The exercise was governed by a control team made up of industry experts deeply embedded in the trust group communities responsible for identifying and mitigating these types of attacks on a day-to-day basis. Participants were divided into five teams representing the U.S. Government (USG), content providers and distribution, internet service providers (ISP), domain name system providers (DNS), and DDoS mitigation firms.
These teams were presented a situation at the Saudi Aramco facilities in the Persian Gulf which had caused major physical damage, to include the loss of life. Shortly after the scenario began, it was determined that the events at the facilities were the result of a plausible cyberattack. As they analyzed the digital forensic evidence surrounding the attack, the teams were confronted with an escalating DDoS attack targeting Saudi emergency response capabilities, which dramatically increased the scope of the potential threat. As teams worked through attribution, mitigation, and remediation efforts over the course of the next couple of days, DDoS attacks began also targeting major North American retailers during the Black Friday/Cyber Monday shopping weekend. The threat had apparently come home to the United States--and the teams needed to figure out the relationships while limiting the scope of the damage.
In response, participants worked to investigate what happened in Saudi Arabia and stop the DDoS targeting U.S. companies. While the teams were challenged to identify and eliminate the malicious activity that caused the various attacks, a command-and-control (C2) server was identified by several teams, and ultimately hijacked by the DDoS mitigation firms team in an effort to prevent further damage elsewhere against similar industrial control systems around the world. In doing so, however, this attempt to eliminate the threat accidentally triggered explosions at American oil refineries that maintained older versions of the same industrial control systems (ICSs).
Order was ultimately restored, but not without loss of life and billions of dollars in economic damage. When the dust had settled, signals and human intelligence strongly suggested that Hizbullah had orchestrated the sophisticated, multi-stage attack to punish the United States and Saudi Arabia for cooperating with Israel to contain Iran.

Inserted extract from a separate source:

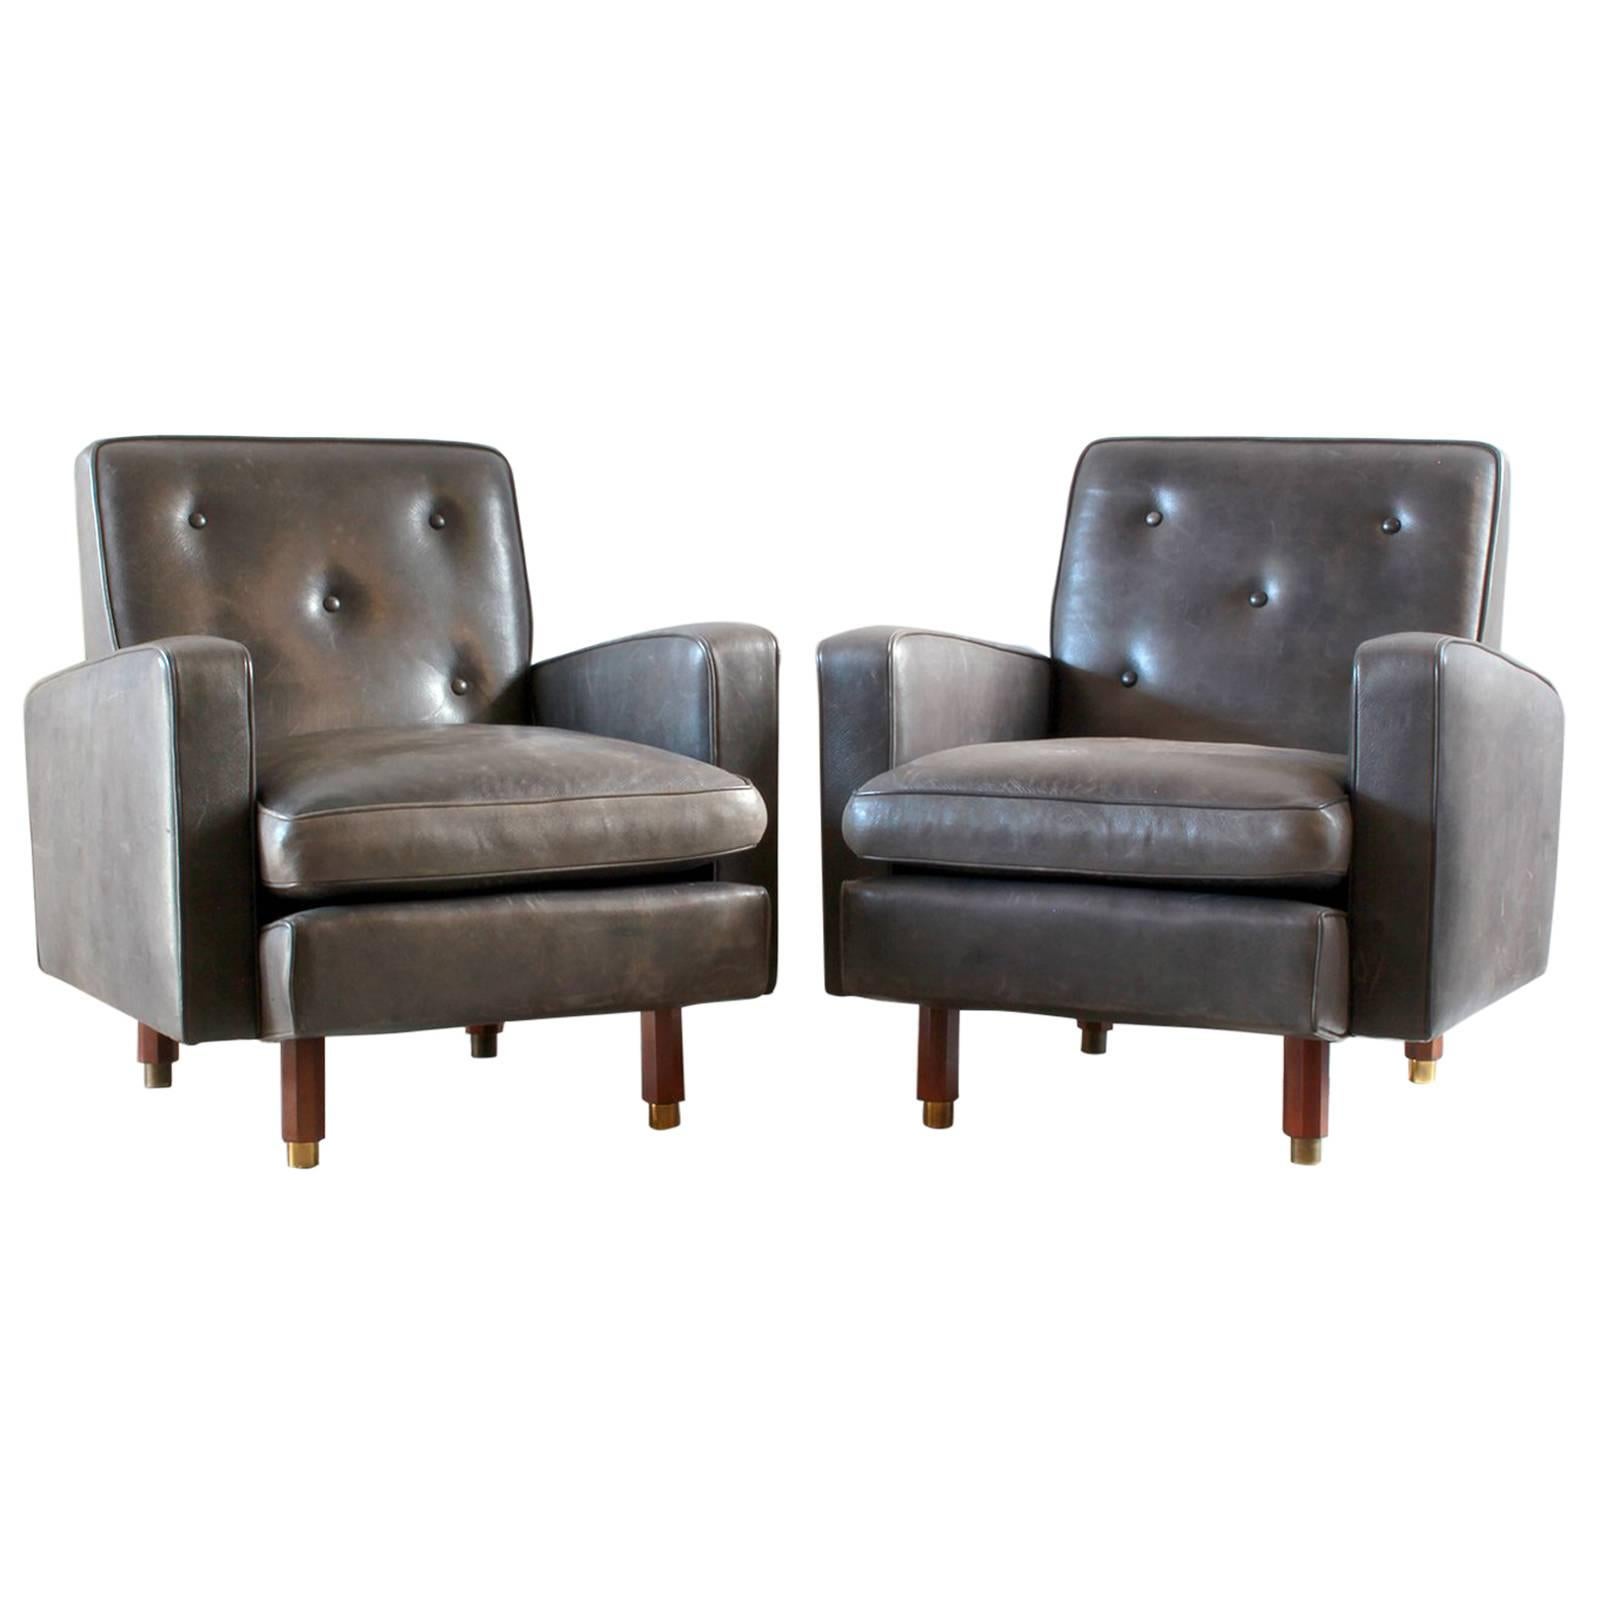 Pair of Masculine Leather Club Chairs

Players and the control team concurred on the relative implausibility of Hizbullah conducting attacks at this level of sophistication, but also concurred that such capabilities may well be handed off by state actors to their proxies increasingly over the coming years for a variety of purposes - the most critical of which is their ability to accomplish much of the same aims while benefiting from enhanced confusion, deflection, and deniability.
The (Majority of) Customers Are Always Right
A recurrent structural theme that emerged quickly in the course of the simulation was that for the owner-operators of infrastructure, even a crisis with enormous geopolitical implications is likely to directly involve only one or two of a firm’s hundreds, thousands, or tens of thousands of paid clients. In preparing for attacks on their networks, firms have, broadly, two options:
Because there is a highly competitive market for cyber-talent, most firms, especially smaller- and medium-sized firms, have opted for the latter strategy. As a result, firms may have to choose between continuing to provide stable services and support to their customer base as a whole, as opposed to responding to a dire situation that may only be affecting one or two clients during a crisis.
In the T4GS simulation, firms prioritized the needs of their customer base as a whole, even at the risk of prolonging or worsening a serious international cyberattack aimed at causing kinetic harm to critical infrastructure. In particular, content providers within the game feared that pulling resources away from their systems over a “Cyber Monday” weekend deeply important to their clients’ bottom lines could do permanent damage to their reputations and businesses. This moral hazard stems in part from a poor public understanding of cyber infrastructure: content providers were unlikely to bear significant blame for the catastrophe regardless of their conduct, so they saw little reason to stick out their necks. Rather, content providers generally preferred to keep their heads down and their customers happy until the storm had blown over. Significantly, one of the few actions that the content provider team took quickly was to demonetize questionable content potentially associated with the attack, so as to avoid the perception that they had profited from cyberterrorism.
A second dynamic that emerged quickly in the simulation was insufficient communication between teams. This breakdown was particularly problematic across sectors: while communication between firms responsible for different portions of the internet ecosystem ranged from strong to medium, communication between the U.S. government and owner-operators of critical infrastructure was almost universally poor. Realistic simulation of communication is a challenge in tabletop exercises, but participants in this exercise found that the communication challenges imposed by the rules of the game appropriately stood-in for the communication challenges they have faced in the real world, in both government and industry.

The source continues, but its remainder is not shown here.